3Institute for Environmental Health and Related Product Safety, Chinese Center for Disease Control and Prevention, Beijing, China.
4Gansu Provincial Maternity and Child Care Hospital, Lanzhou, China.
5Department of Healthcare, Beijing Obstetrics and Gynecology Hospital, Capital Medical University, Beijing, China.
6Institute for Environmental Health and Related Product Safety, Chinese Center for Disease Control and Prevention, Beijing, China.
6Xiamen City Center for Disease Control and Prevention, Xiamen, China.
7Department of Occupational and Environmental Health and Ministry of Education, Key Lab for Environment and Health, School of Public Health, Tongji Medical College, Huazhong University of Science and Technology, Wuhan, China.
8Department of Epidemiology and Biostatistics, School of Public Health, Lanzhou University, Lanzhou, China.
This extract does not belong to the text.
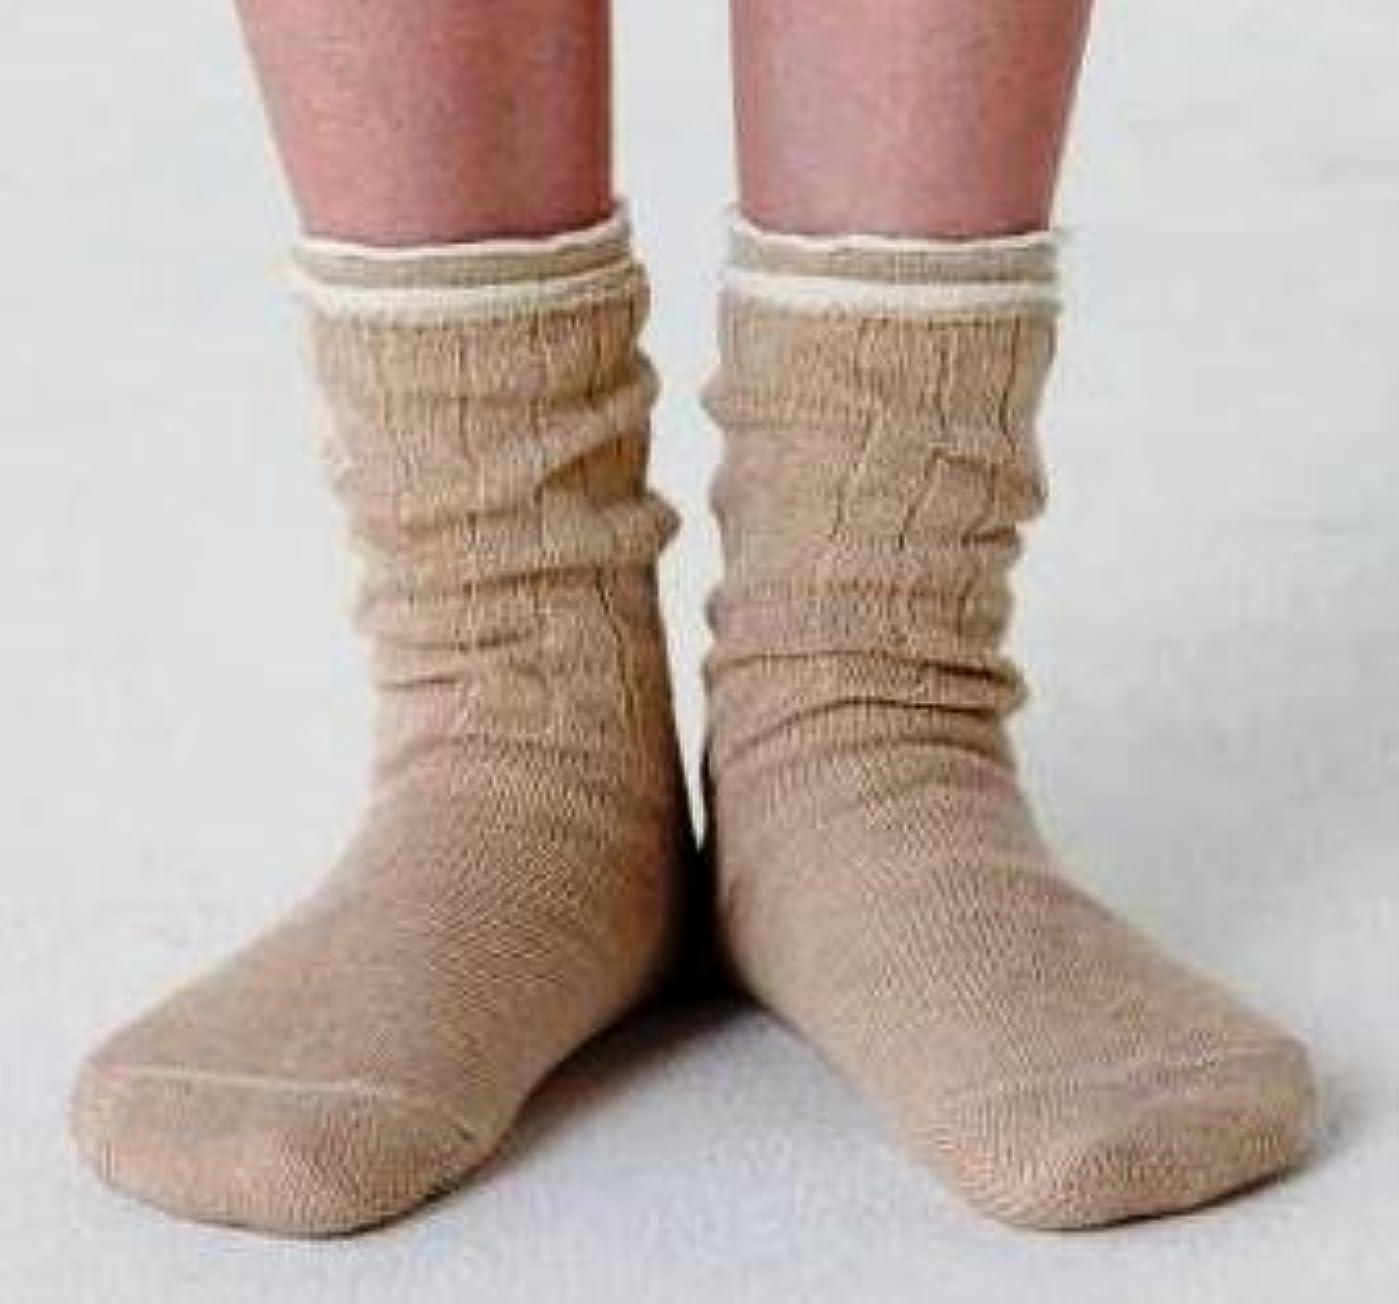 電気的コンピューター最終的に冷え取り靴下 4枚重ね履きソックス(絹?綿?絹?綿) サイズ:22~24.5cm

DOI: 10.4236/ojap.2014.34010   PDF    HTML   XML   5,068 Downloads   6,399 Views   Citations

Abstract

Adverse birth outcomes are a leading cause of mortality in children in China, but the environmental influences of these conditions remain largely unexplained in this population. We aimed to evaluate the levels of polycyclic aromatic hydrocarbons (PAHs) in Chinese pregnant women and their newborns, and to examine the association between levels of PAHs and infant birth weight. We conducted a cross-sectional study including 81 pairs of mothers and newborns from four hospitals in four different cities in China. High Performance Liquid Chromatography was used to measure the concentration of nine PAHs in maternal and cord blood and multiple linear regression analyses were used to evaluate the associations of these PAHs with infant birth weight. Anthracene (ANT) had the highest average concentration and detection rate (geometric mean = 69.54 ng/g and 76.5%, respectively) in maternal serum samples, while fluoranthene (FLT) had the highest concentration and detection rate (geometric mean = 68.4 ng/g and 50.6%, respectively) in the cord blood. Most of the measured PAHs in maternal serum and three PAHs in cord blood were inversely but non-significantly associated with birth weight. The strongest associations were observed for higher concentrations of benzo (a) pyrene (BaP) in maternal serum (230.7 g decrease for levels > median vs. < LOD; p = 0.151) and for ANT in cord blood (153.1 g decrease for levels < median vs. < LOD; p = 0.208). Ant and FLT were the predominant PAHs in the maternal and cord blood serum. Serum concentrations of several measured PAHs were associated with a decreased birth weight, although not significantly, suggesting that further studies with larger sample sizes are needed to validate our findings.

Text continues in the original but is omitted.